The Schlegels of old would no doubt look askance at this conspicuous consumption. Both Bob and Myrna, who grew up just south of Kitchener, come from Mennonite, and ultimately Amish, stock, two religious groups known for strict austerity. (“By the way,” says Myrna, “we’re Methodists now.”) “My mother, growing up, wore a head covering to church—very, very different from her lifestyle now,” says Kim. “My grandmother did not have a wedding ring until she went to the hospital to give birth to their fifth child and basically said, ‘I don’t want the nurses thinking I’m not married’—so she got her first wedding ring.”

Bob grew up on his father’s dairy and poultry farm, where he took his share of knocks.
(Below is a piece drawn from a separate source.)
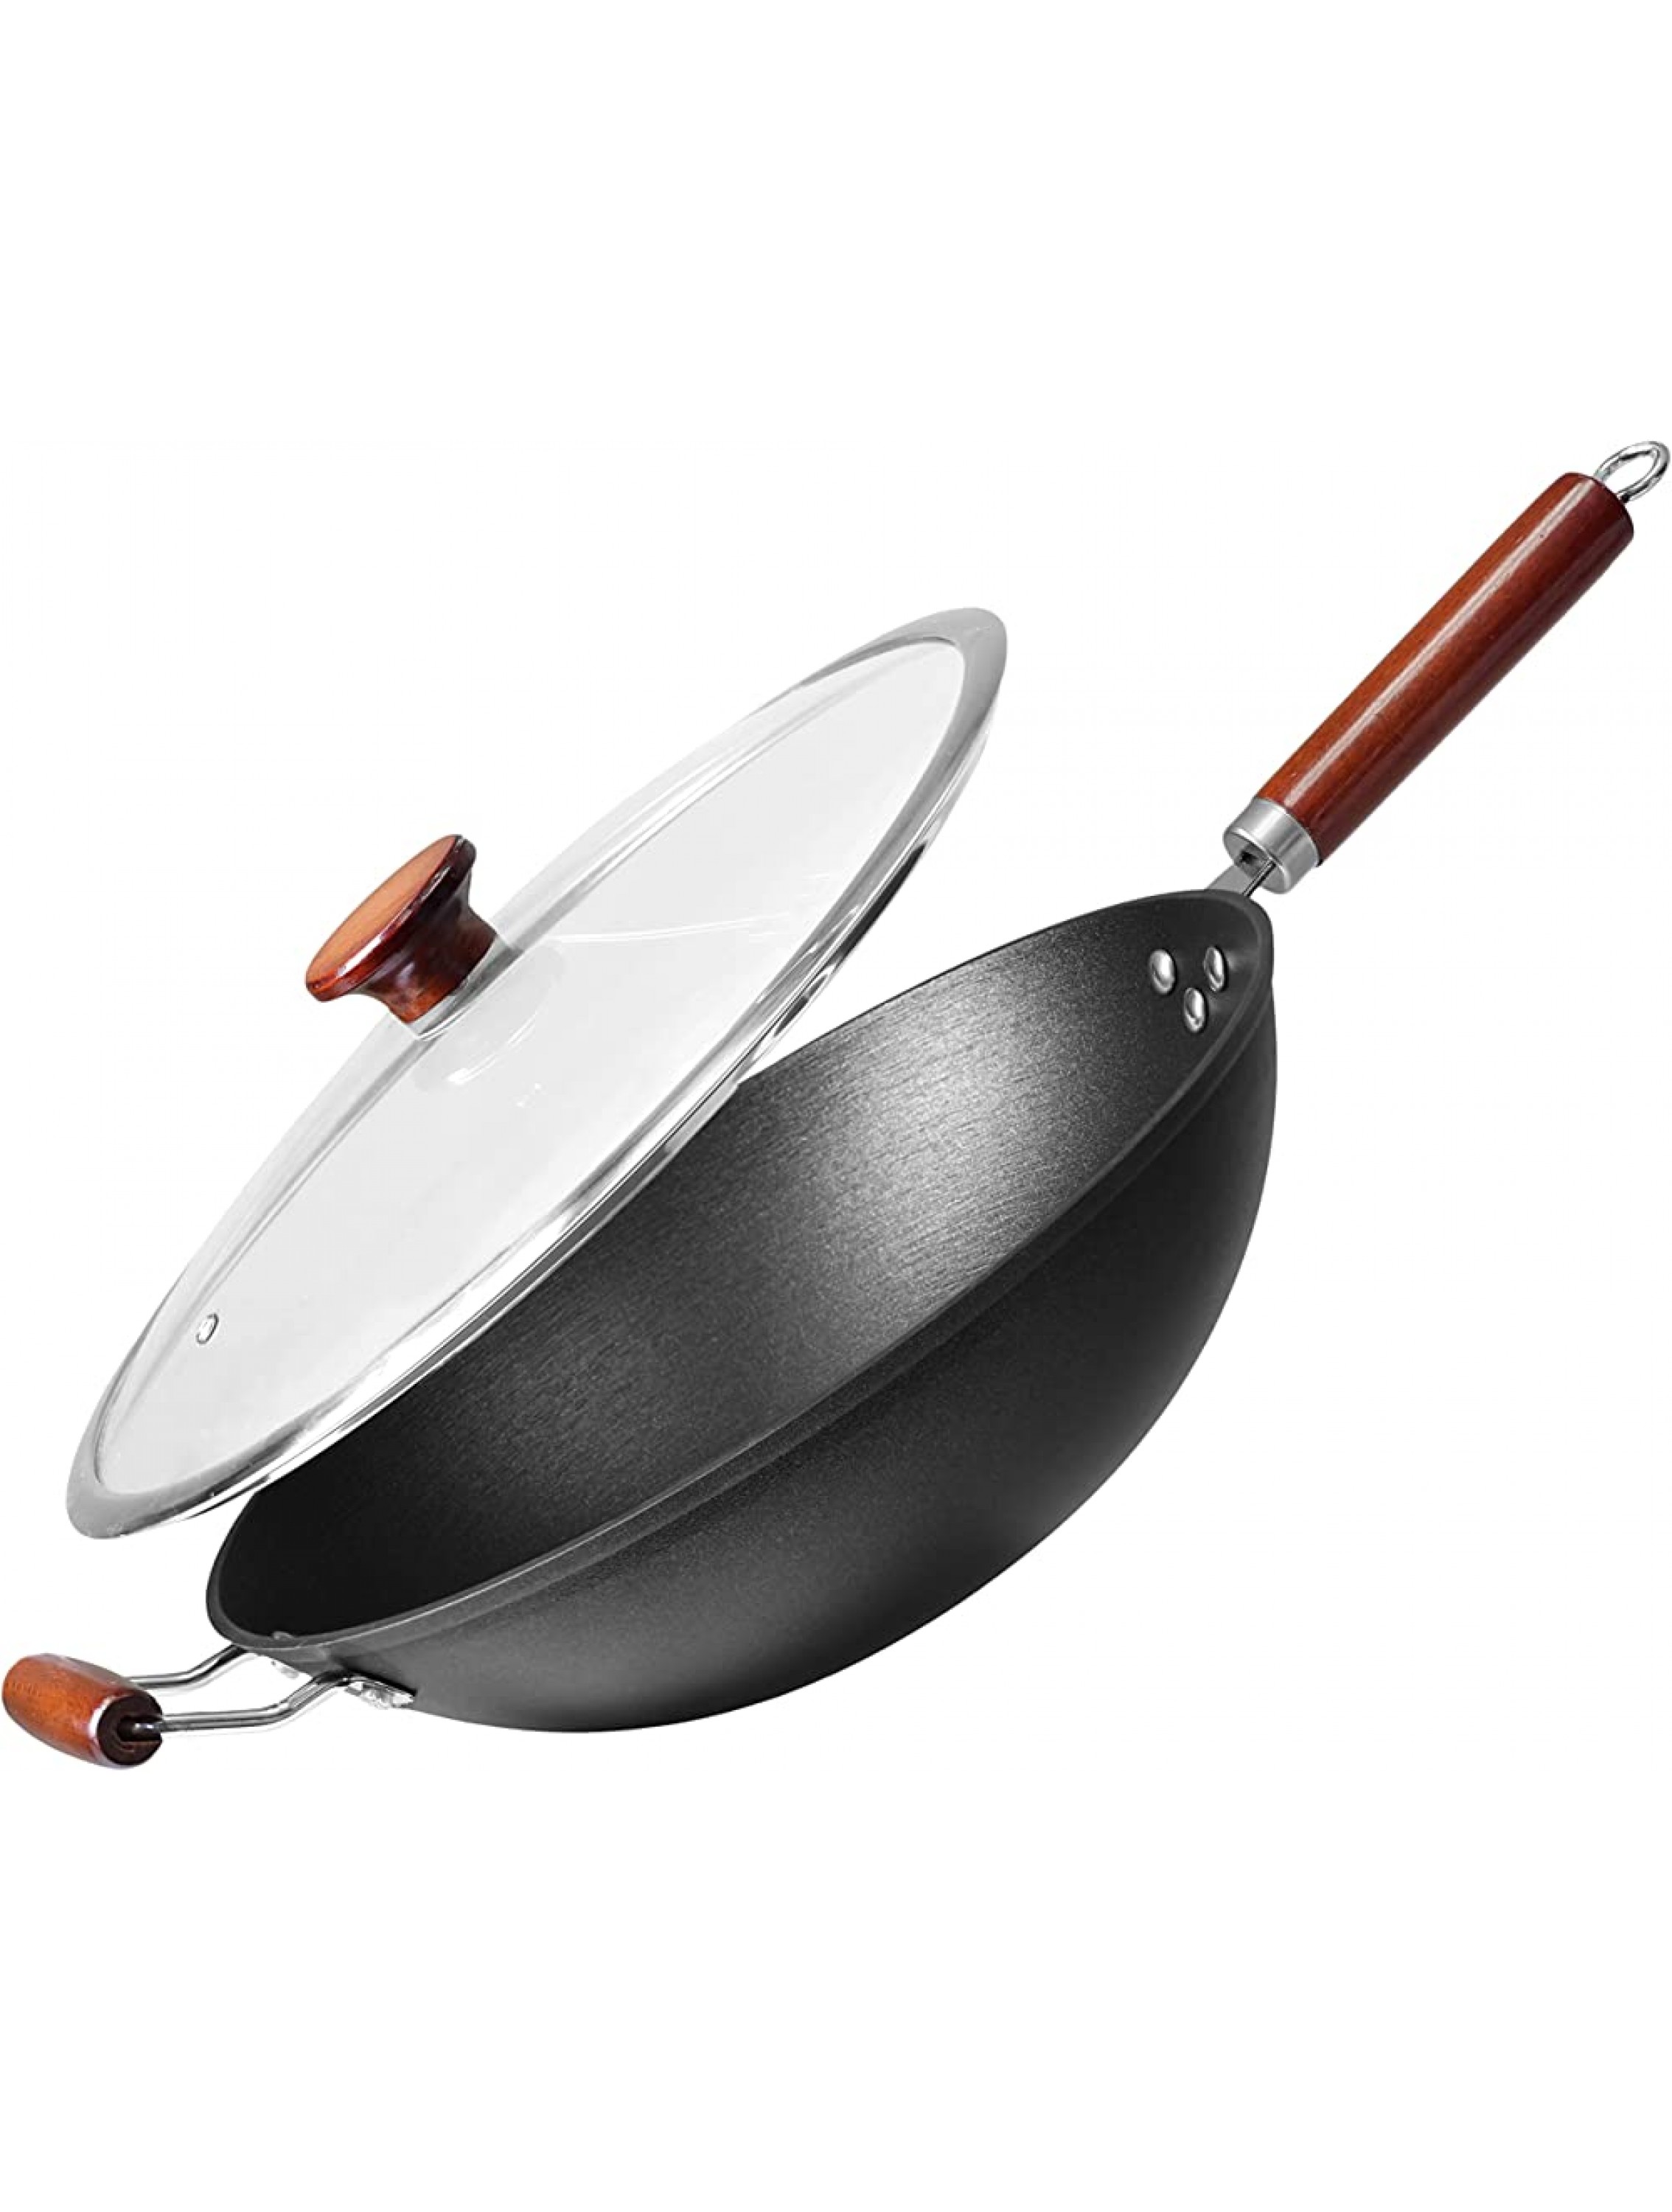 Light weight Cast Iron Wok Stir Fry Pan Wooden Handle with Glass lid 14 Inch chef’s pan pre-seasoned nonstick commercial and household for Chinese Japanese and others Cooking - B4UALS9LM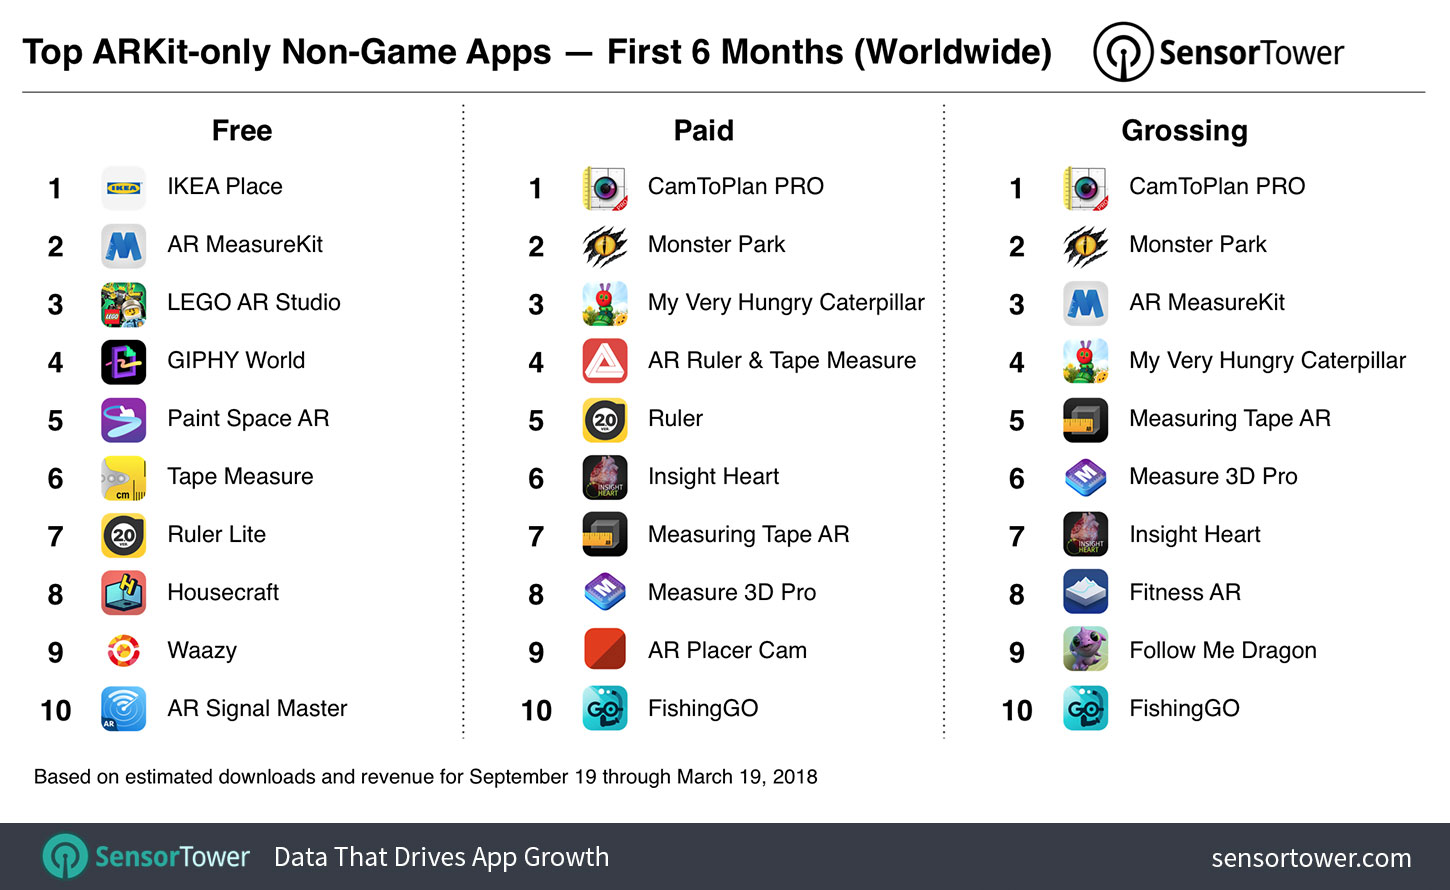 top grossing game 2018

At 5, he broke his neck and spent a year in a body cast. At 7, he was mauled by two Great Danes. Around the same time the Schlegel homestead burned down. Yet Bob was entrepreneurial and peddled knives and first-aid kits to neighbours, and later installed a Pepsi machine at the local garage. “To whom much is given, much is expected,” is his Mennonite motto and the Schlegel family creed. Noted philanthropists in Dallas, they also have a building—the Schlegel Centre for Entrepreneurship—named after them at Wilfrid Laurier University, Bob’s alma mater.

More than anything, the Schlegels like to party. “They don’t slow down,” says Brent Gingerich, a cousin and owner of peopleCare, the business the family left behind in Ontario. “They like to throw parties, and when they throw parties they throw big parties.”

That’s Dallas hospitality. For her part, Kim sees nothing paradoxical about her roots in quiet Canada and her current role keeping Dallas loud and shiny. “I think one of the reasons I felt so at home in Texas at such a young age is that Southerners are so friendly and warm, and I find that Canadians are the same way,” she says. Maybe that’s why she’s allowed her mother’s nickname for James Robert Maxwell Elam Schlegel Whitman, her four-year-old son, to stick. “Now we have a J.R. in Dallas with some good Canadian blood in him,” Kim laughs. On the other hand, it may not last. “My mother loves the new revival of the show Dallas but she was very upset that J.R. is still the villain—she thought by now he should be the good guy.”